Task prompt
Starting from the line that holds "Child after falling", output exactly each line through the end of the listing. Do not copy pictures.

Data
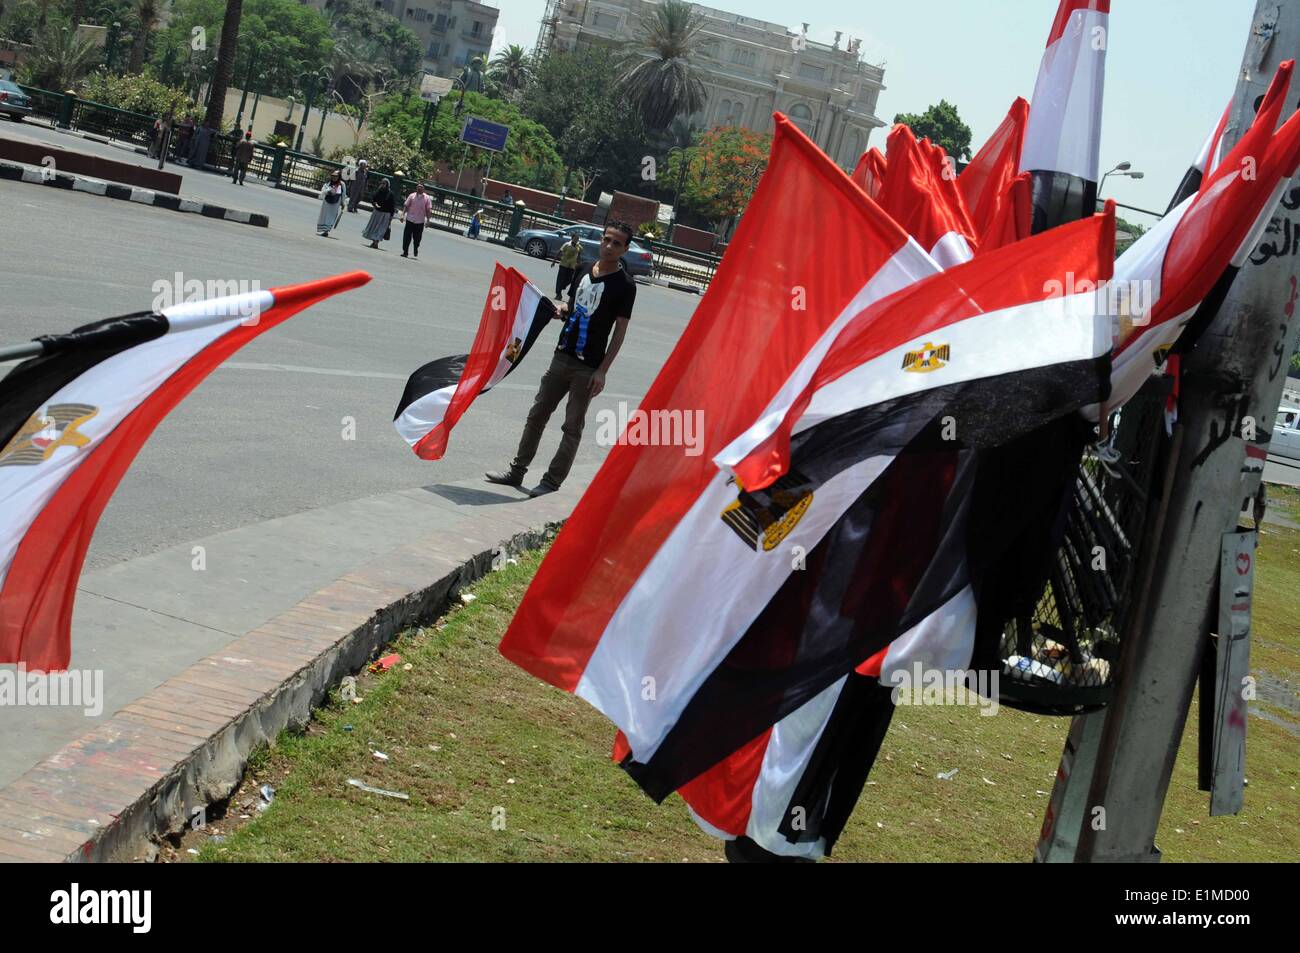 Cairo, Egypt. 6th June, 2014. Former military chief Abdel Fattah Al Sisi was officially declared president of Egypt on Tuesday, less than a year after he orchestrated a coup that ousted the nation's first freely elected president. Credit:  Nameer Galal/NurPhoto/ZUMAPRESS.com/Alamy Live News Stock Photo
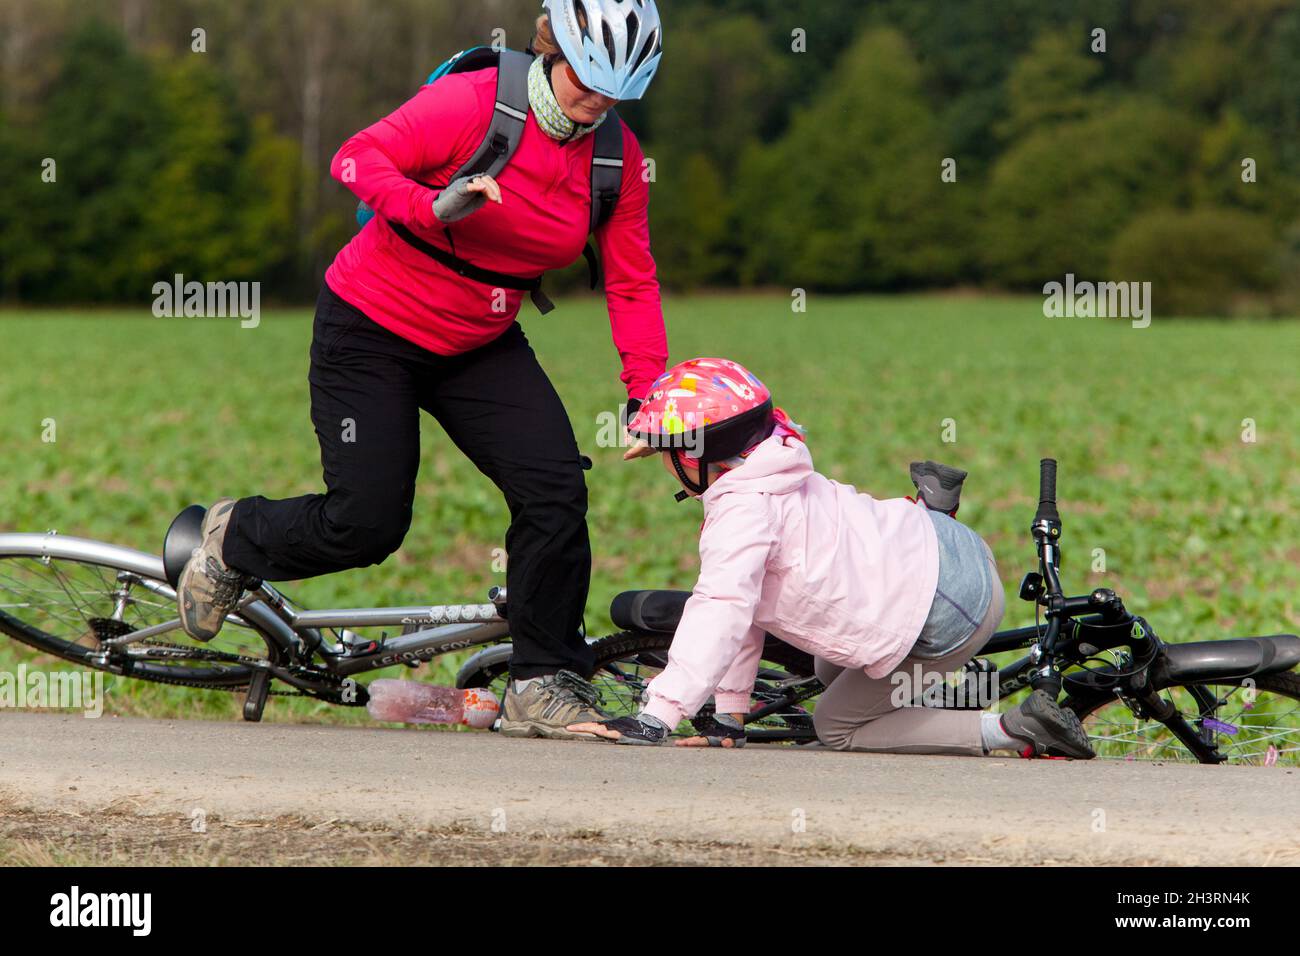 Child after falling off the bicycle, a girl with a bike helmet, woman rushing for help Stock Photo
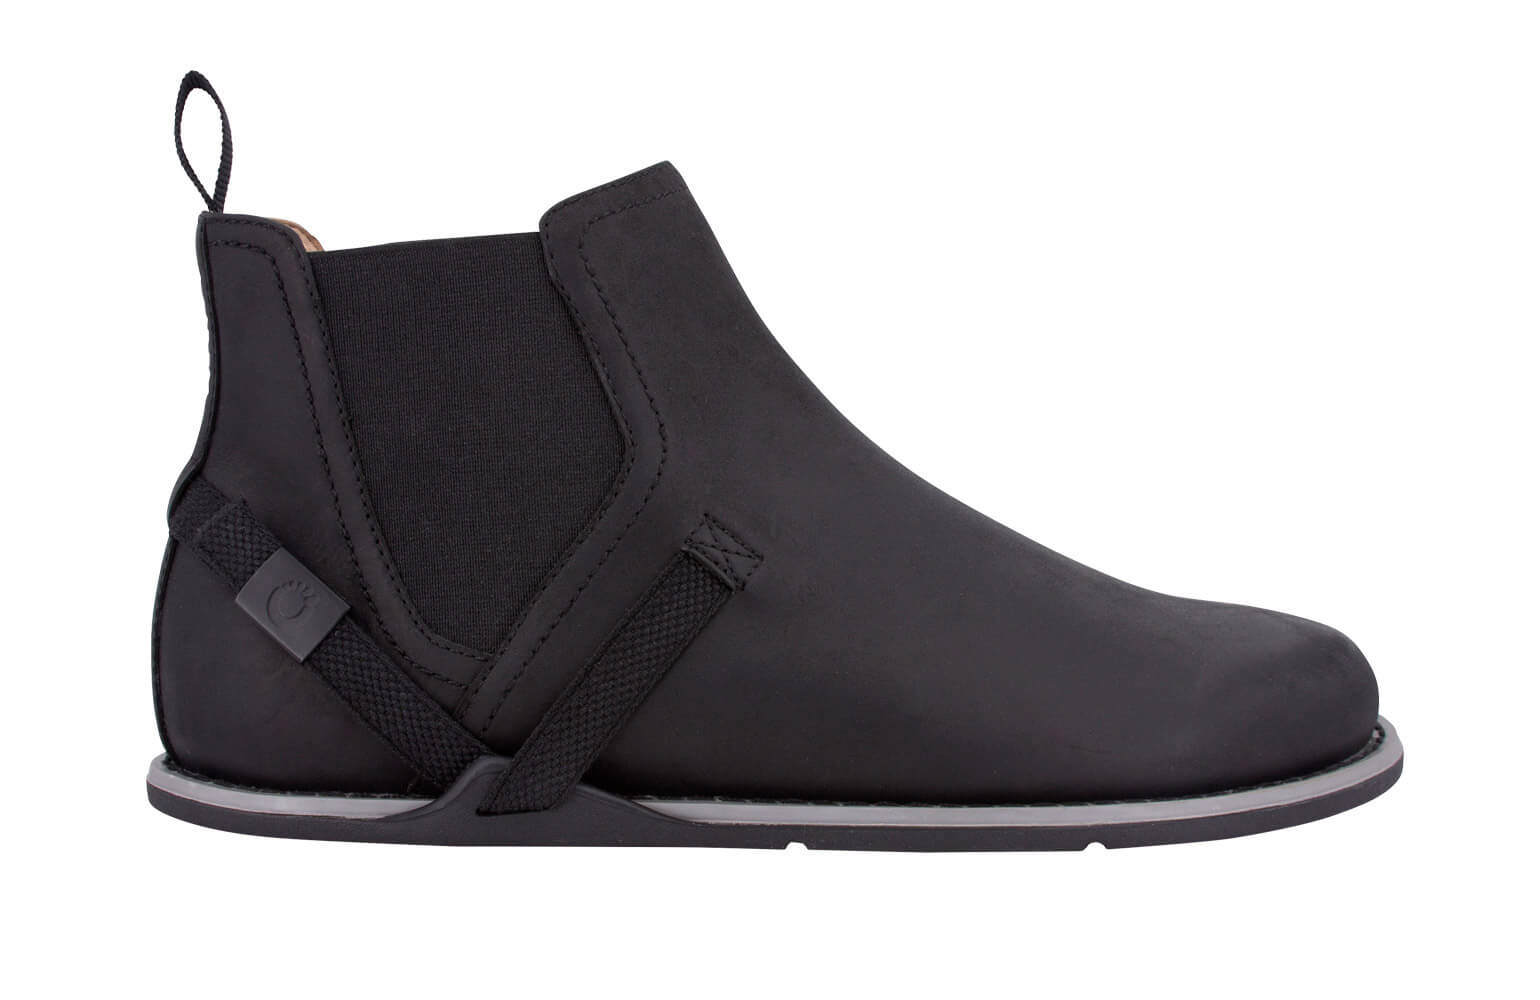 Melbourne (Clearance) - Men's Chelsea style minimalist leather boot by ...

Result of the exercise
 Child after falling off the bicycle, a girl with a bike helmet, woman rushing for help Stock Photo
 Melbourne (Clearance) - Men's Chelsea style minimalist leather boot by ...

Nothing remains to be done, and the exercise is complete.